Enabling the NameNode Blacklist

Scenario

In the default scenario, once a NameNode in a process is faulty, all HDFS client instances in the process attempt to connect to the NameNode again. As a result, upper-layer applications wait for a long time and then time out. Additionally, when clients in the same JVM process connect to the NameNode that cannot be accessed, the system is overloaded.

To avoid the preceding problems, MRS clusters provide the NameNode blacklist function (BlackListingFailoverProxyProvider). The faulty NameNodes will be recorded in a list, and DFSClient will prevent the client from accessing the NameNodes in the list.

You can configure the HDFS client connection policy to ensure that the HDFS client can quickly and reliably access a new active node when the NameNode is faulty, improving cluster availability.
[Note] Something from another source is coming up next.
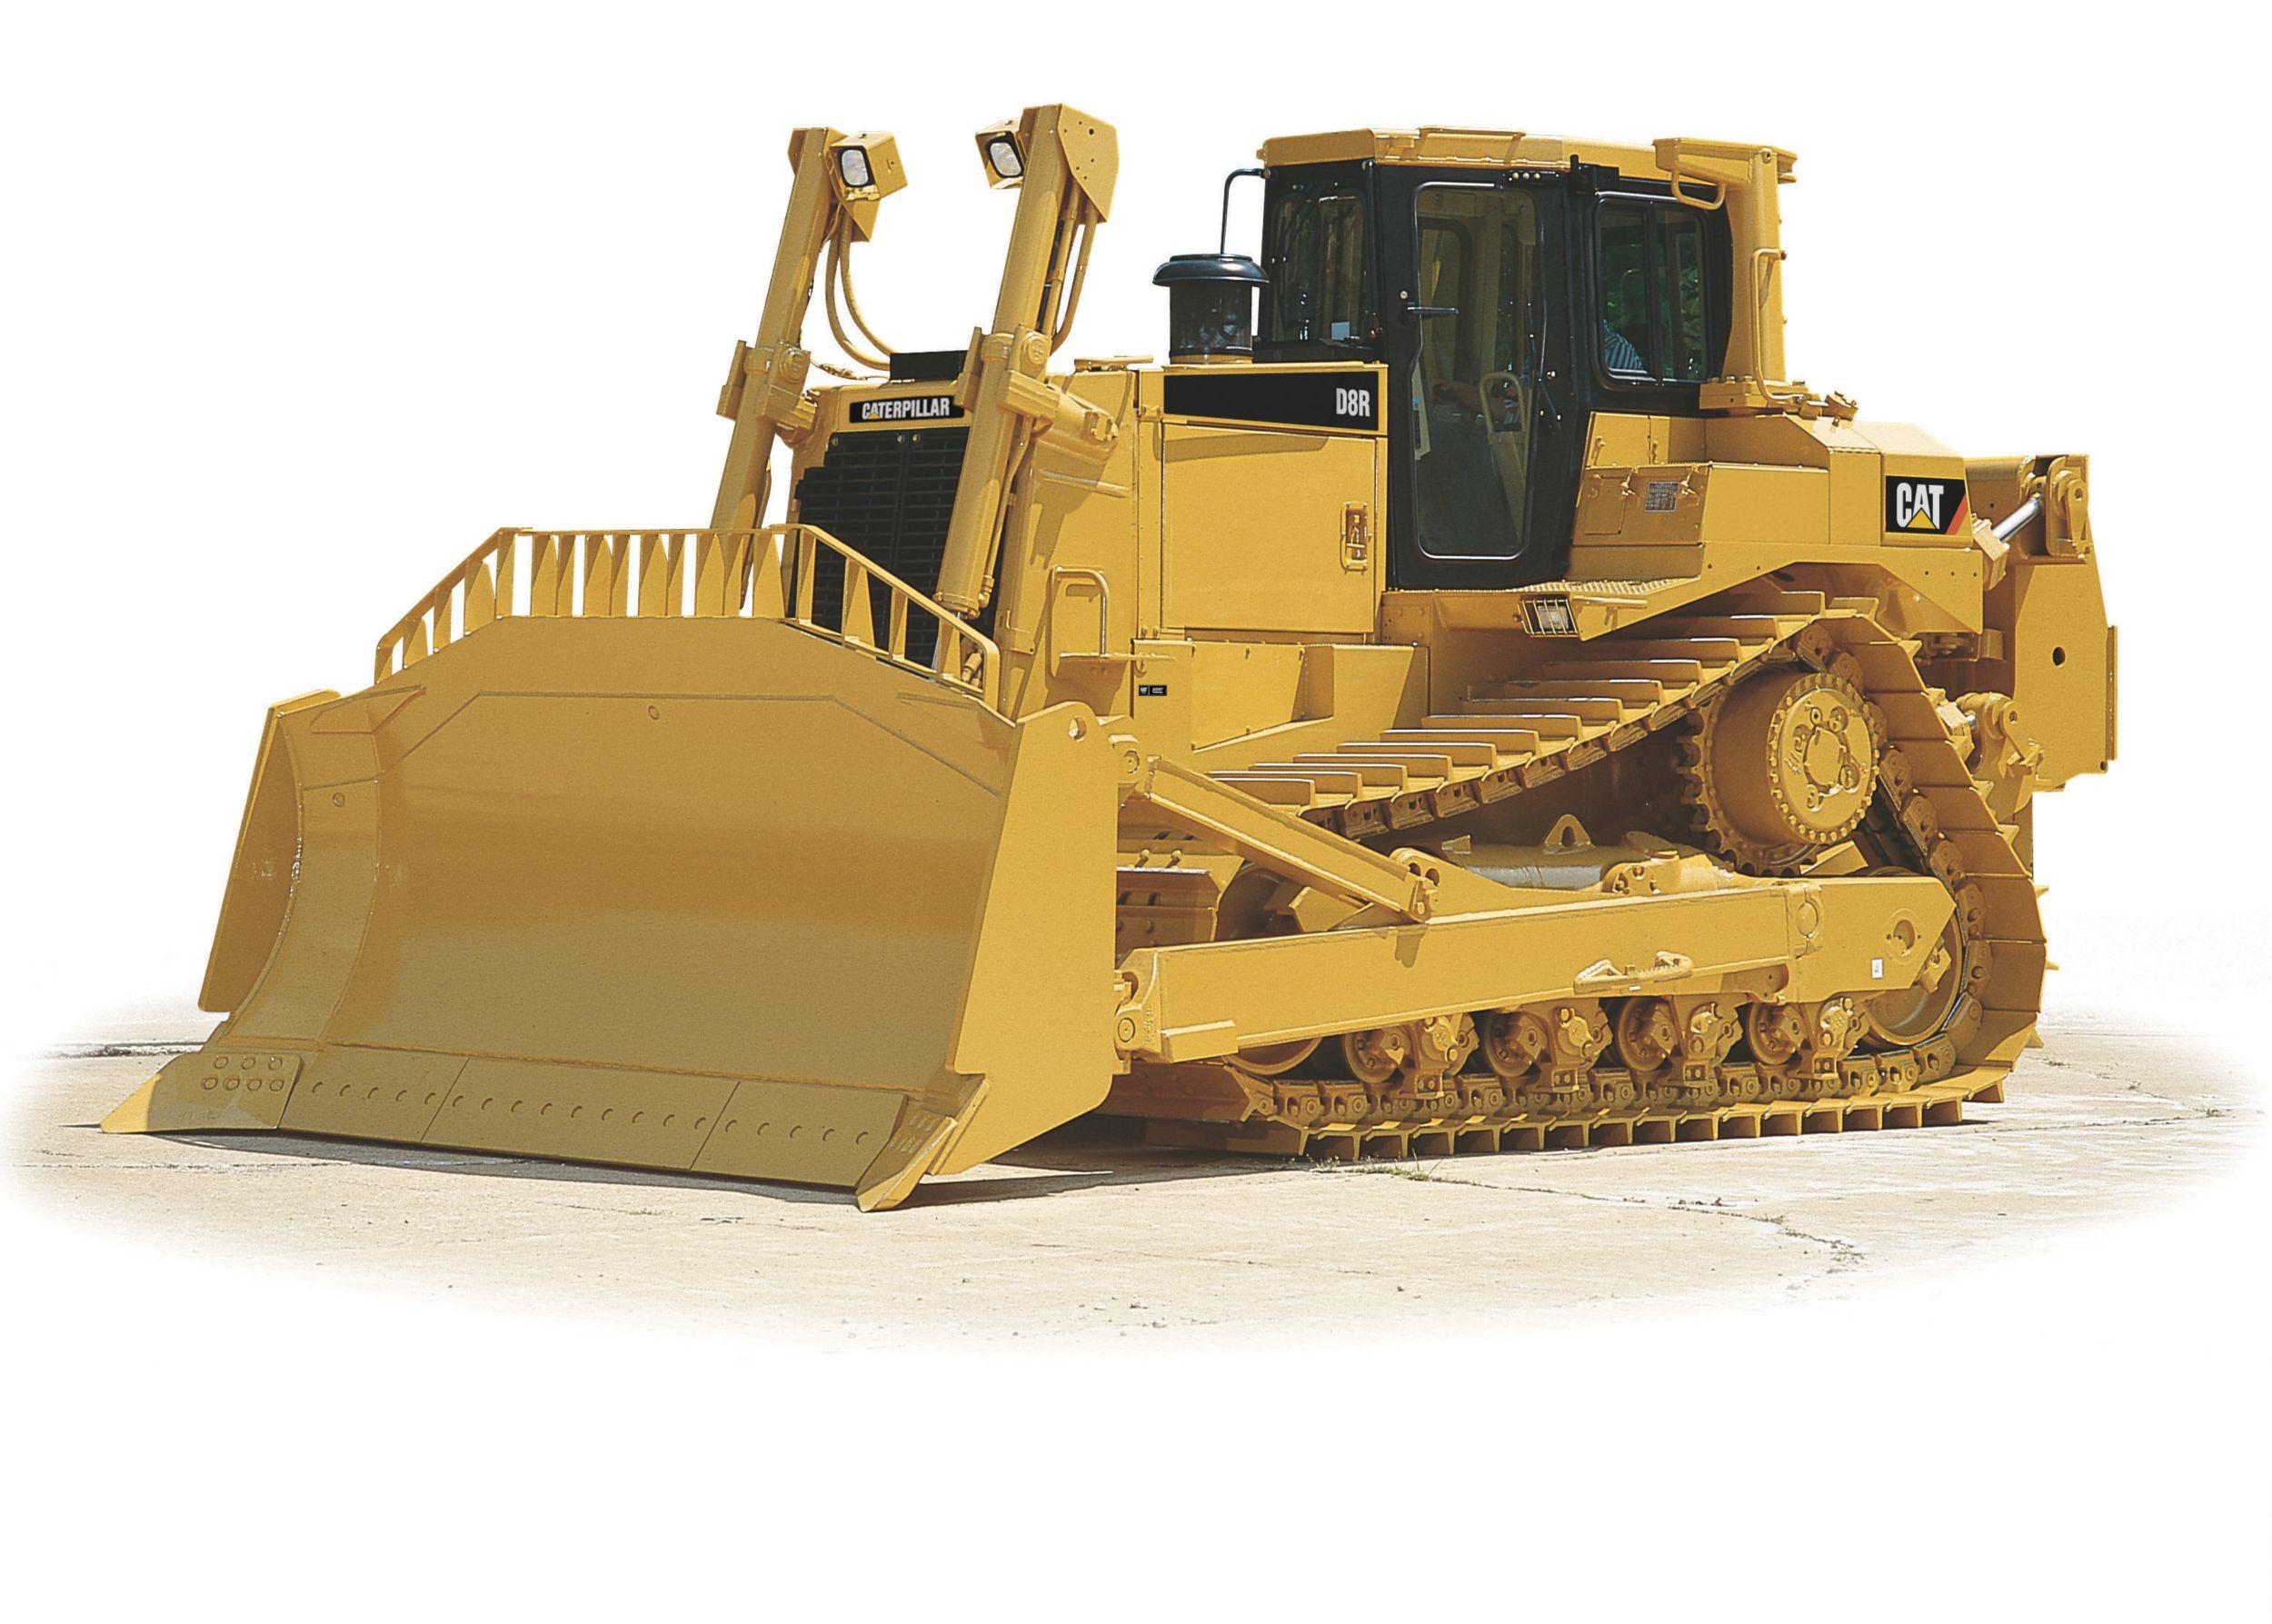 Cat D8R Dozer

The cluster configuration is as follows:

NameNode: nn1 and nn2
dfs.client.failover.connection.retries: 20 (Number of retries before the client attempts to connect to the new active NameNode.)
Processes in a single JVM: 10 clients

If nn1 in the active state cannot be accessed, client1 will attempt to reconnect to nn1 for 20 times. Then, if reconnection fails, client1 will connect to nn2.

In the same way, other clients also connect to nn2 when the failover occurs after retrying the connection to nn1 for 20 times. Such process prolongs the fault recovery of NameNode.

In this case, when client1 attempts to connect to nn1 (active) that is faulty, nn1 is added to the blacklist. Other clients then connect to nn2 instead of nn1.

If all NameNodes are added to the blacklist at any time, the blacklist is cleared. The clients then attempt to connect to the NameNodes in the initial list. If any fault occurs again, the NameNode is still added to the blacklist.

Figure 1 NameNode blacklisting working principle
Click to enlarge

Notes and Constraints

This section applies to MRS 3.x or later.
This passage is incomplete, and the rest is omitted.